# Bow Madness



## soccer (Jul 16, 2006)

holy ****


----------



## 3dbowmaster (Sep 16, 2005)

Sweeeeet...
You have almost as many as me:wink:


----------



## gordon (Aug 9, 2005)

I downsized from 125:darkbeer::darkbeer:


----------



## grnxlt (Dec 19, 2006)

do i see a martin warthog in there:wink:....that was my first bow


----------



## no1huntmaster (Dec 30, 2006)

I had to start hiding em long ago. 
I would need a good lawyer if I set them all out.


----------



## gordon (Aug 9, 2005)

Got the Martin Warthog hidden in the garage with a few others:darkbeer::darkbeer:


----------



## IL~Hunter (Jul 23, 2005)

is that you saftey harness on the tredmill there its a nice green color


----------



## gordon (Aug 9, 2005)

My little girls compound.


----------



## Southern Boy (Sep 4, 2008)

only one hoyt? and a 38 pro i think at that
good bow bad quatity


----------



## Southern Boy (Sep 4, 2008)

wait i think i c 1 on the far side same row


----------



## Southern Boy (Sep 4, 2008)

lol thats a mrror


----------



## gordon (Aug 9, 2005)

It show's ya once you own a Hoyt ya never let em go,that explains why there are so few here.I just picked up the Ultra Tec and its one of my favorite's now.:archery:


----------



## Southern Boy (Sep 4, 2008)

can we get some pics on here


----------



## riley1131 (Sep 11, 2008)

That camo pse behind the hoyt 3rd row from the left looks like the 2nd bow I ever had shot the hell out of it.

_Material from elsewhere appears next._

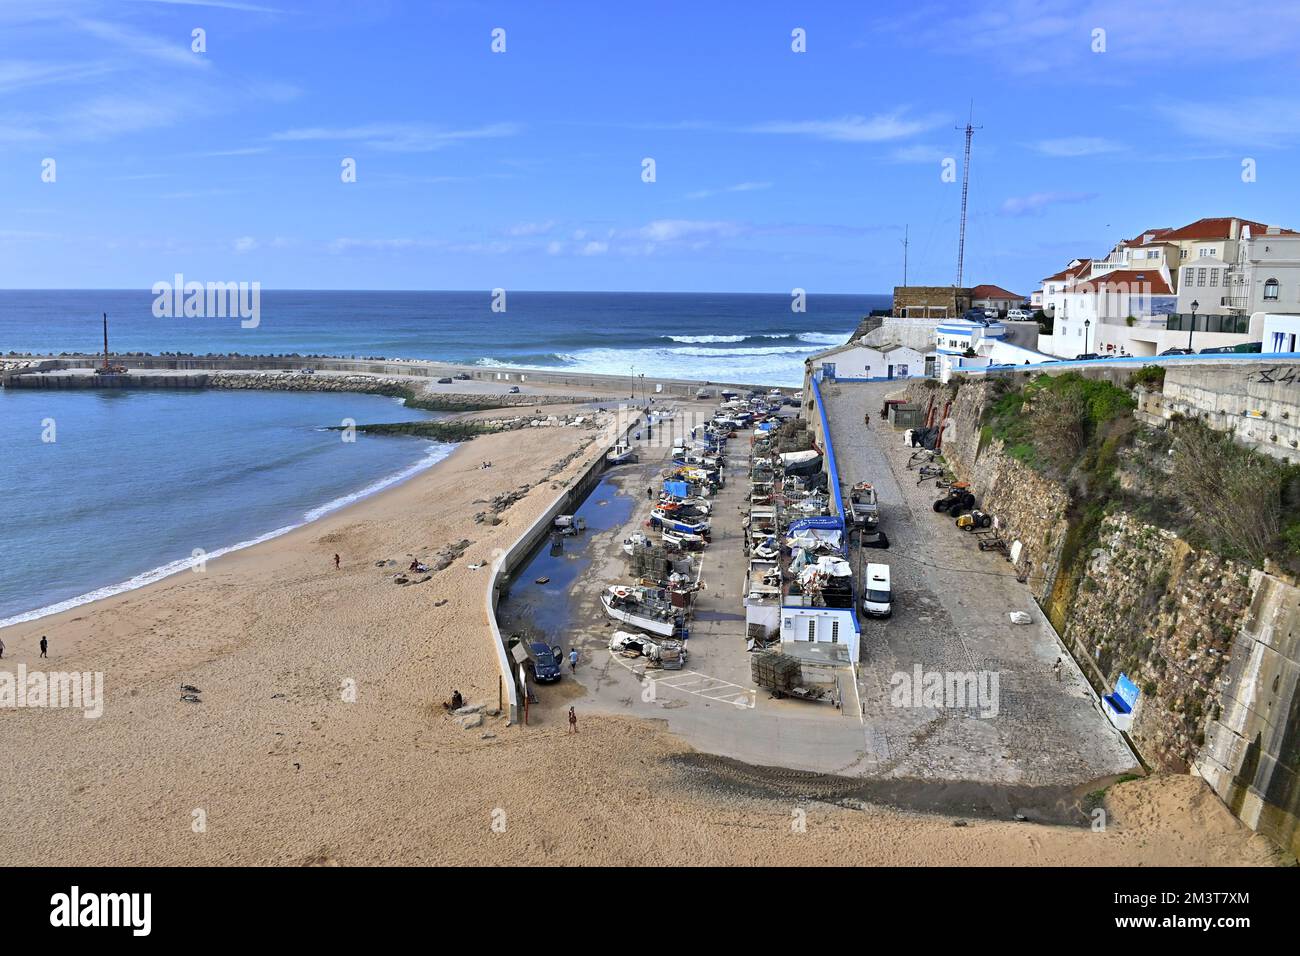 Landscape of the village of Ericeira with its traditional houses and fishing port on Pescadores beach, Portugal Stock Photo

Still got it, shot good. That was about 18 years ago. Good memories. 49" ata if i remember right. I also see what might be a browning with the wood riser compound on the 5th row from the left I had one of those to.


----------



## pbostrom (Jun 7, 2007)

wow great collection, thats more compounds than my club owns beginners recurves or bows in total


----------



## vtmtnman (Aug 3, 2008)

That's half of where I'd like to be before I die.:wink:

Excellent stash!


----------